Should You Let Jane The Virgin Sully Your DVR?
The CW's telenovela remake about a not-quite-immaculate conception takes big risks, but do they pay off?
What Is This Thing?
Ever since her daughter Xiomara's accidental pregnancy resulted in the birth of Jane, Alba made it her mission to impress upon Jane -- from childhood -- how important it was that she guard her virginity until marriage. And it worked. Which is why it's kind of a shock to everyone when Jane finds out she's pregnant.
When Is It On?
Mondays at 9 PM on The CW.
Why Was It Made Now?
Ever since the way-too-soon and heartbreaking cancellation of The Carrie Diaries, The CW had a "fizzy female-skewing dramedy" gap in its lineup. Enter Jane The Virgin. (Hee hee.) (I'm twelve.)
What's Its Pedigree?
Credited as co-creators are Ben Silverman, of a million hits -- the most relevant of which in this case is Ugly Betty, since that, like Jane, was based on a South American telenovela; and Jennie Snyder, who's written on girly dramedies of varying degrees of quality and longevity, including Men In Trees, Lipstick Jungle, Emily Owens, M.D., and Gilmore Girls. The cast is mostly pretty fresh-faced; I only recognized Gina Rodriguez, who plays Jane, from a guest shot as Penny's thieving assistant on Happy Endings, and Jane's abuela Alba is Ivonne Coll, late of a similar role on Switched At Birth. And I know what you're thinking, but no, that's not Nev Schulman crossing over from reality to scripted as Rafael.

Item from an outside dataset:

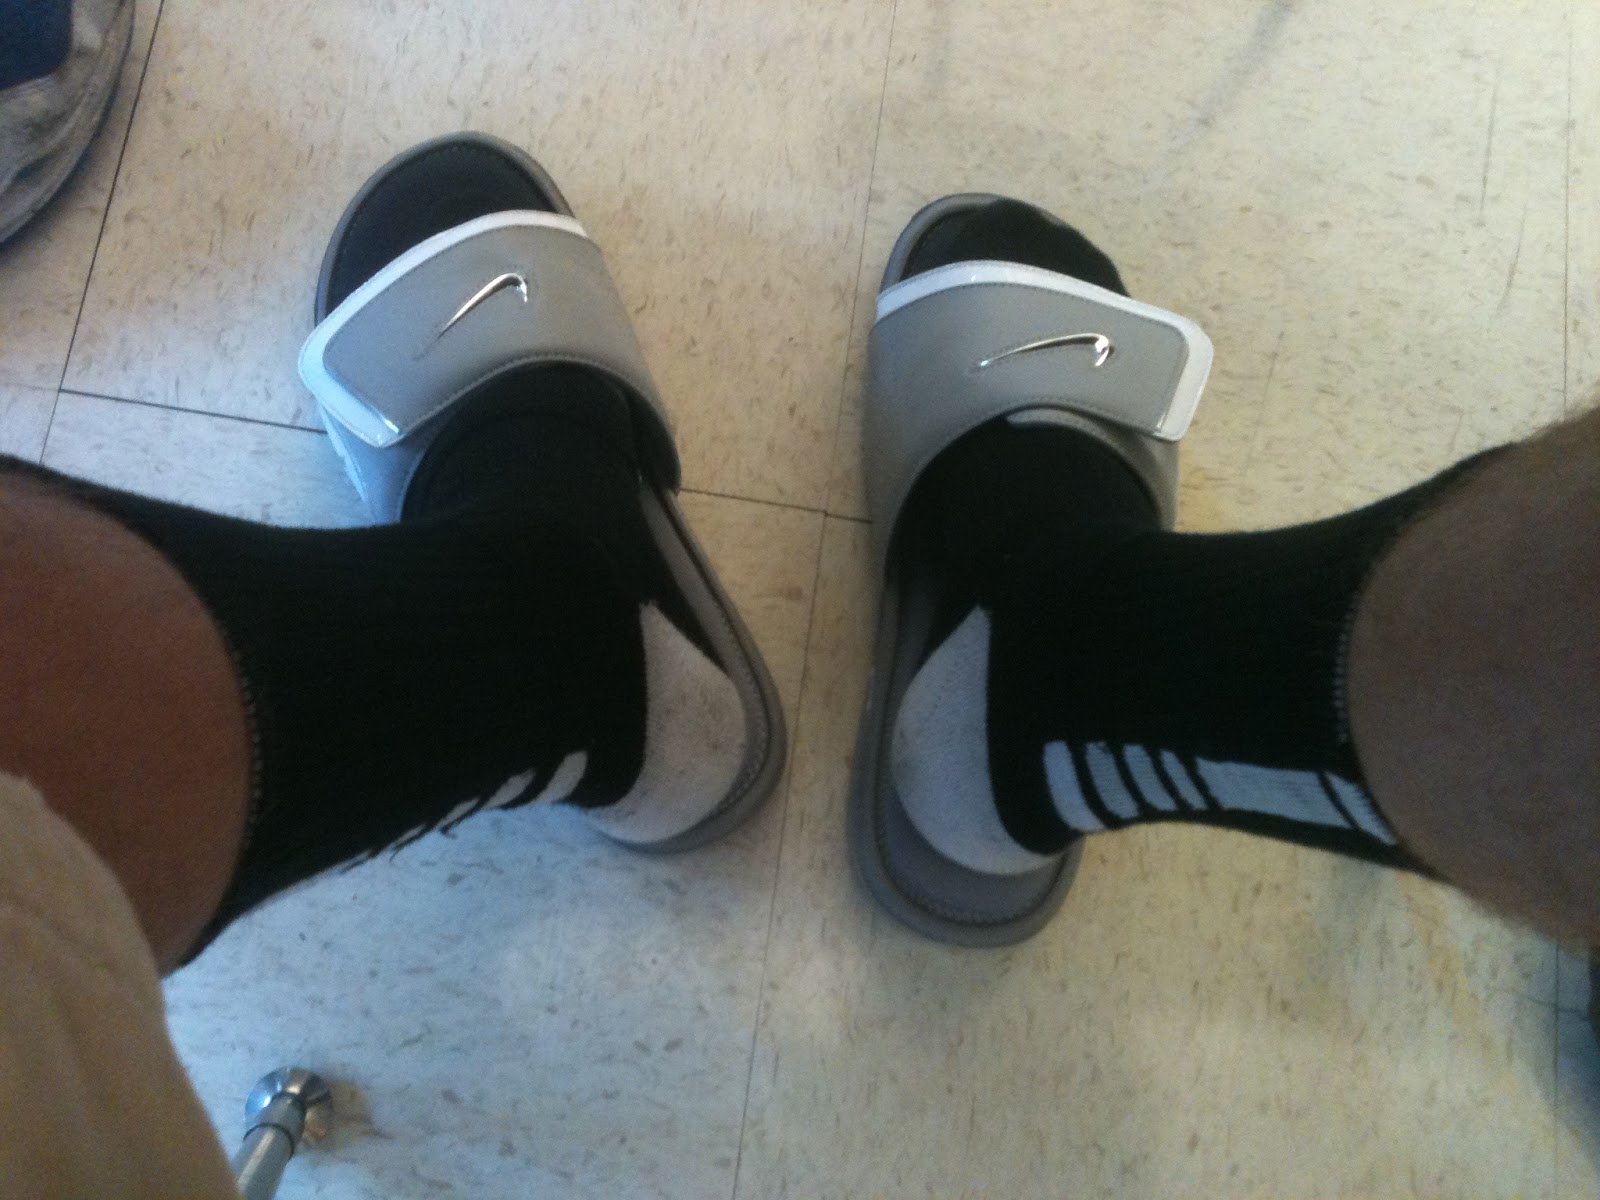 nike sandals and socks

Apparently that's Justin Baldoni, a totally other guy!
...And?
I went into this with really low expectations. I watched all of Ugly Betty but often felt like it suffered from tone problems; since then, I quickly grew bored of other telenovela adaptations including Devious Maids and Red Band Society and may not return to Chasing Life. Plus that photo up top is the one that led most of the Jane items in fall schedule roundups and I really couldn't with that dumb face she's making.
But I love it.
There are so many ways this could have all fallen apart: if Jane had been annoying; if the plot had holes for the somewhat outlandish premise to fall into; if there wasn't sufficient telenovela-esque intrigue to give the story post-pilot potential. Miraculously, though, it all hangs together beautifully.
What happens is: Jane really does listen to Alba, and maintains her virginity into her early twenties. Her nice cop boyfriend Mike is very understanding, and the two of them have agreed on a very orderly life plan, one of many ways Jane has striven to distinguish herself from her less disciplined mother. But then she happens to go for a pap smear on her gynecologist's worst day, and the distracted doctor inseminates her instead. WHOOPS.

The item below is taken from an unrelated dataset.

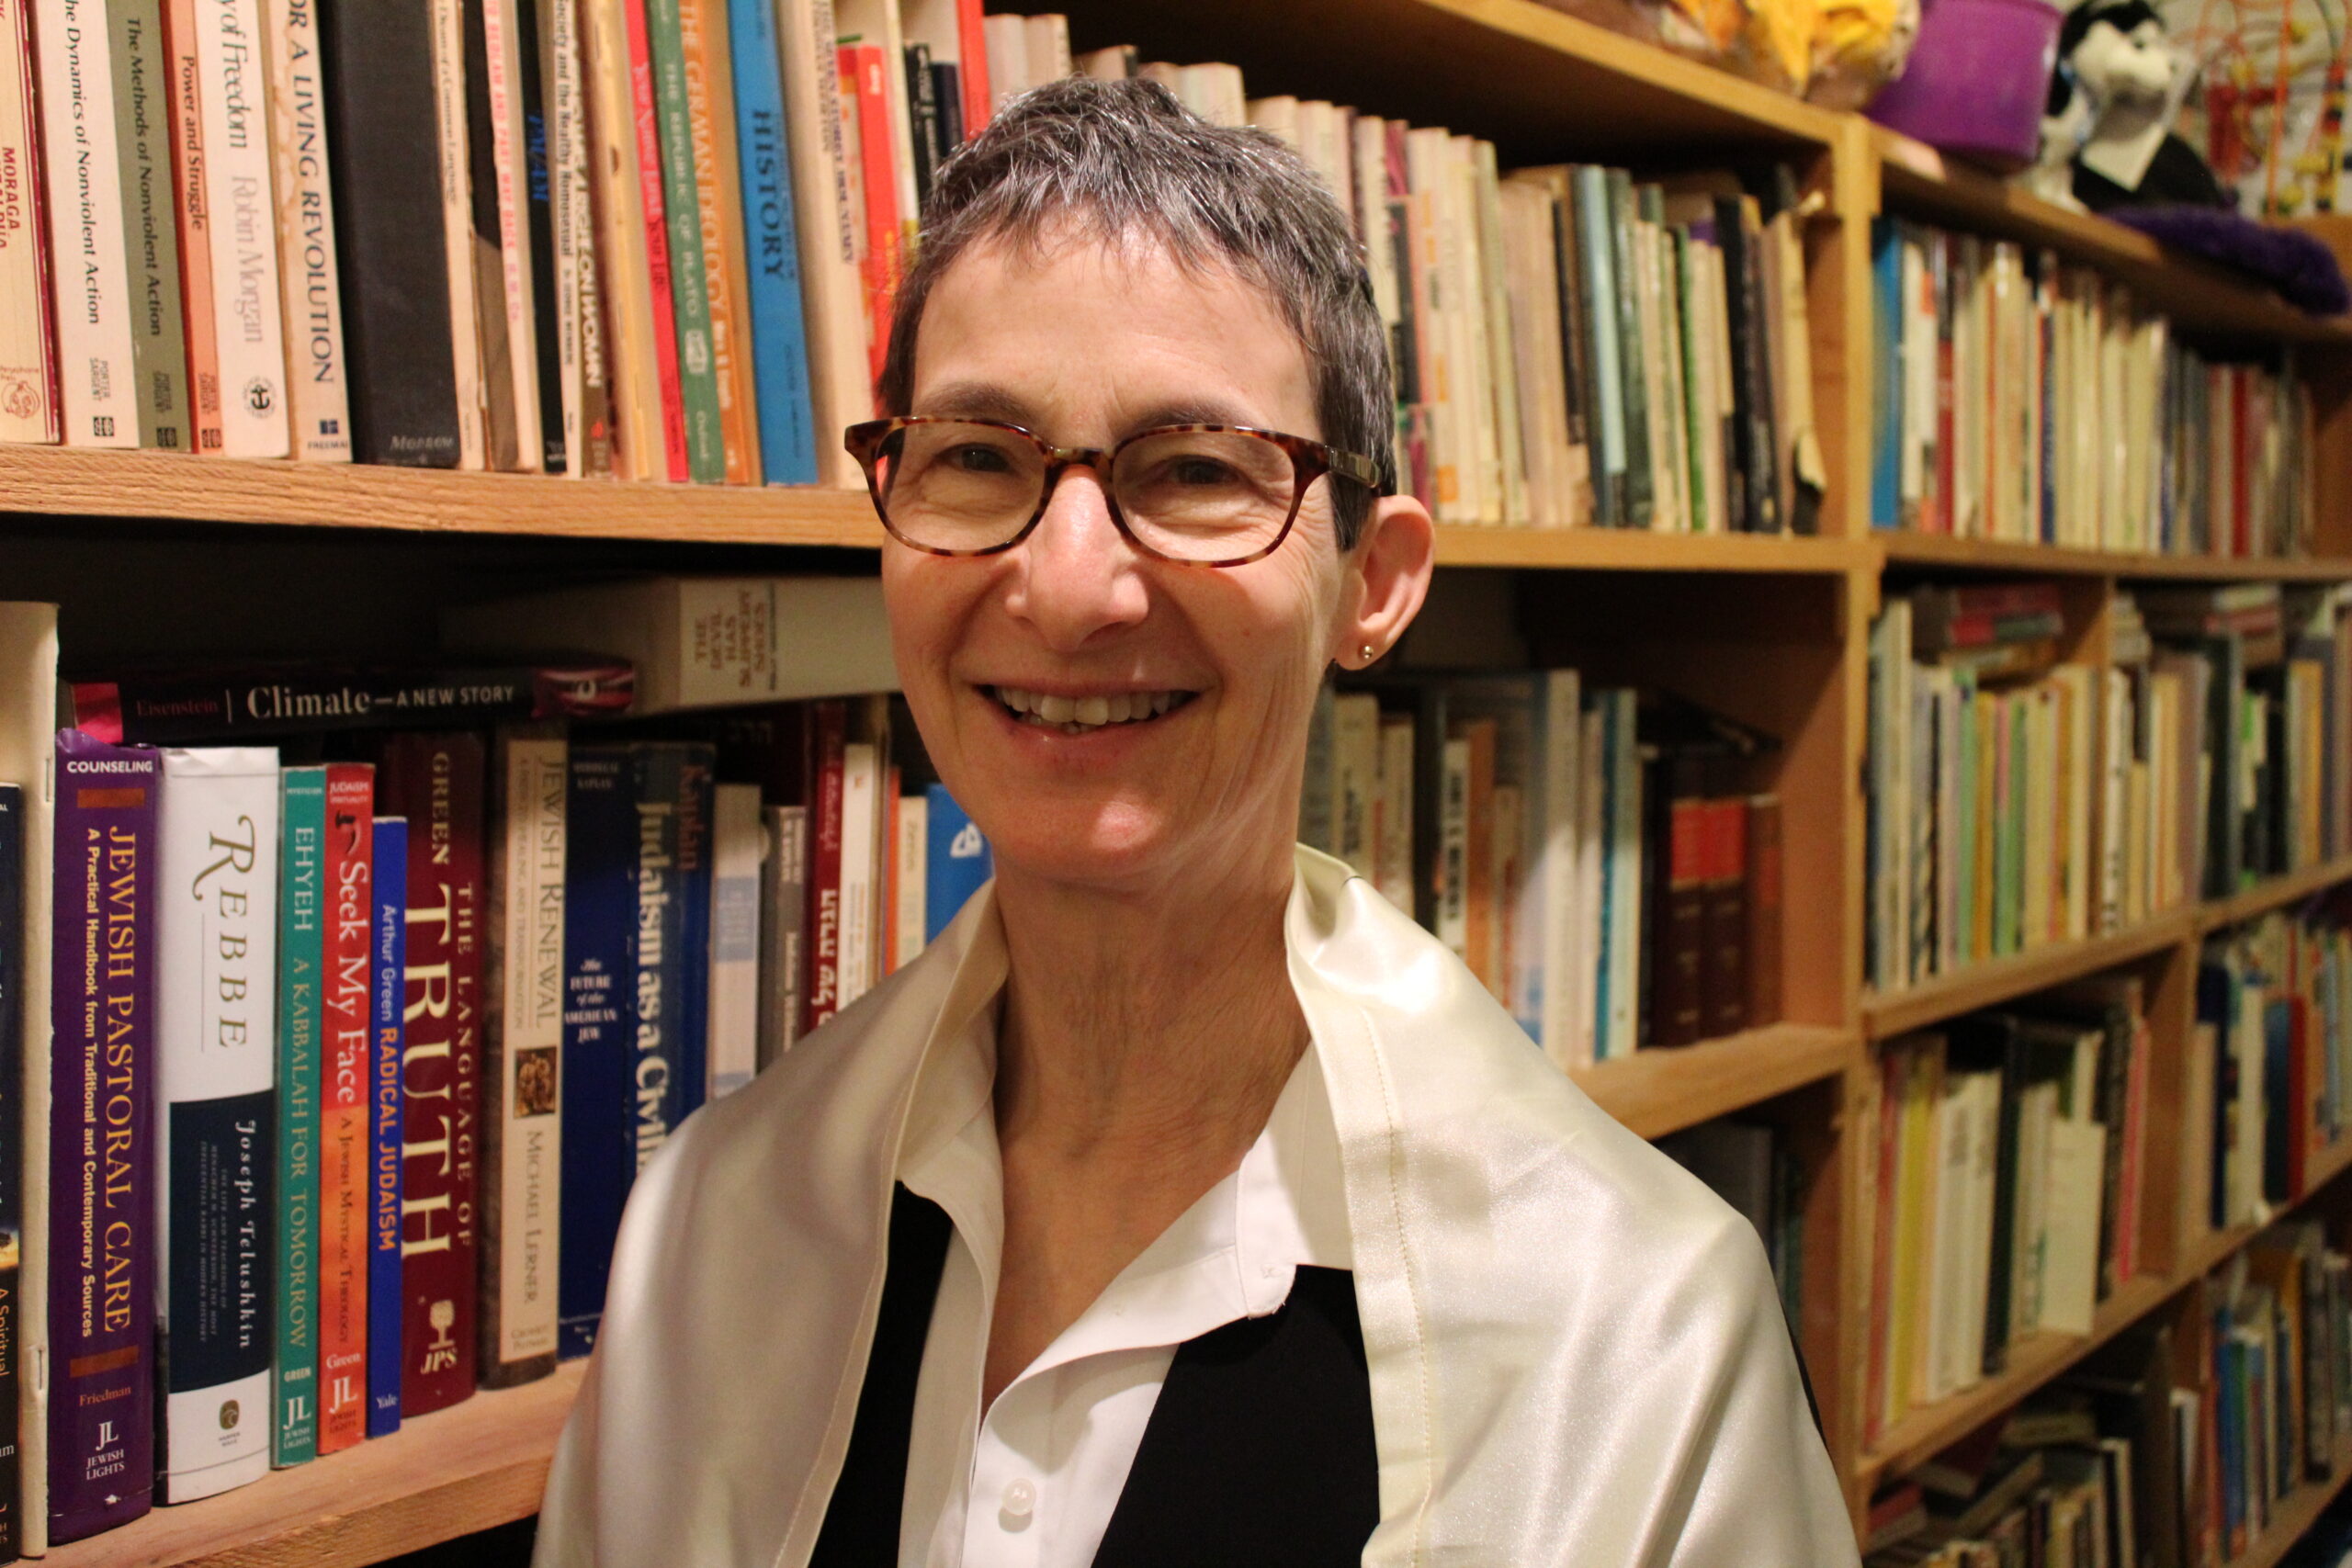 Rabbi Julie Greenberg

The pilot -- in a methodical yet seamless way -- walks us through all of Jane's concerns and choices. Jane's fuckup GYN gives her a prescription for an unnamed drug that, we understand, will induce abortion, and at first it seems like this is the obvious option -- particularly after Mike proposes just a few hours after she gets this shocking news, and later tells her he doesn't want to start their lives together with her bringing a stranger's biological child into the mix. But Jane also finds out that the biological father is Rafael. He's (a) her boss, with whom (b) she made out one time years ago, and who (c) "harvested" his sample before undergoing cancer treatment, so Jane's pregnancy is his last-ever chance at fathering a child biologically, and (d) he and his wife would therefore be willing to take full custody of the child if Jane carries her pregnancy to term.
While Jane is trying to figure out what to do, she also learns that although she'd always assumed Alba forced Xiomara to give birth to her all those years ago, the truth is that Alba tried to get Xiomara to have an abortion and Xiomara wouldn't do it. And we also learn things Jane doesn't know -- like the identity of Jane's biological father, who has only just learned of her existence; and that even though Jane decides to have the baby and let its father and his wife raise it, they're not the great couple she thinks they are; and that even though Mike seems like a big sweetie, the omniscient narrator wants us to know he's going to let Jane down in a big, as-yet-mysterious way. Intrigue! Sweet mother-daughter moments! A hot lady rocking out at a nightclub in a fierce spangly dress! These are the very things TV was made for.
...But?
I realize we're supposed to hate Petra, Rafael's scheming, money-grubbing wife, because she is trying to force him into staying married to her (he's rich and there's a pre-nup situation). But so far her character is a clichéd misogynist nightmare -- even for a soap. There's also the fact that Baldoni and everyone else in his storyline kind of sucks at acting, which is a problem given how great Jane, Xiomara, and Alba are. In fact, the worst I can say about any of them is that it's a little tedious that Alba speaks Spanish and Jane answers in English -- either all one or all the other! However, I'm basing this review on a screener; if it turns out that Alba speaks English in the air version, I won't be surprised.
...So?
Gilmore Girls plus soapy intrigue? It's already perfect. Please watch it.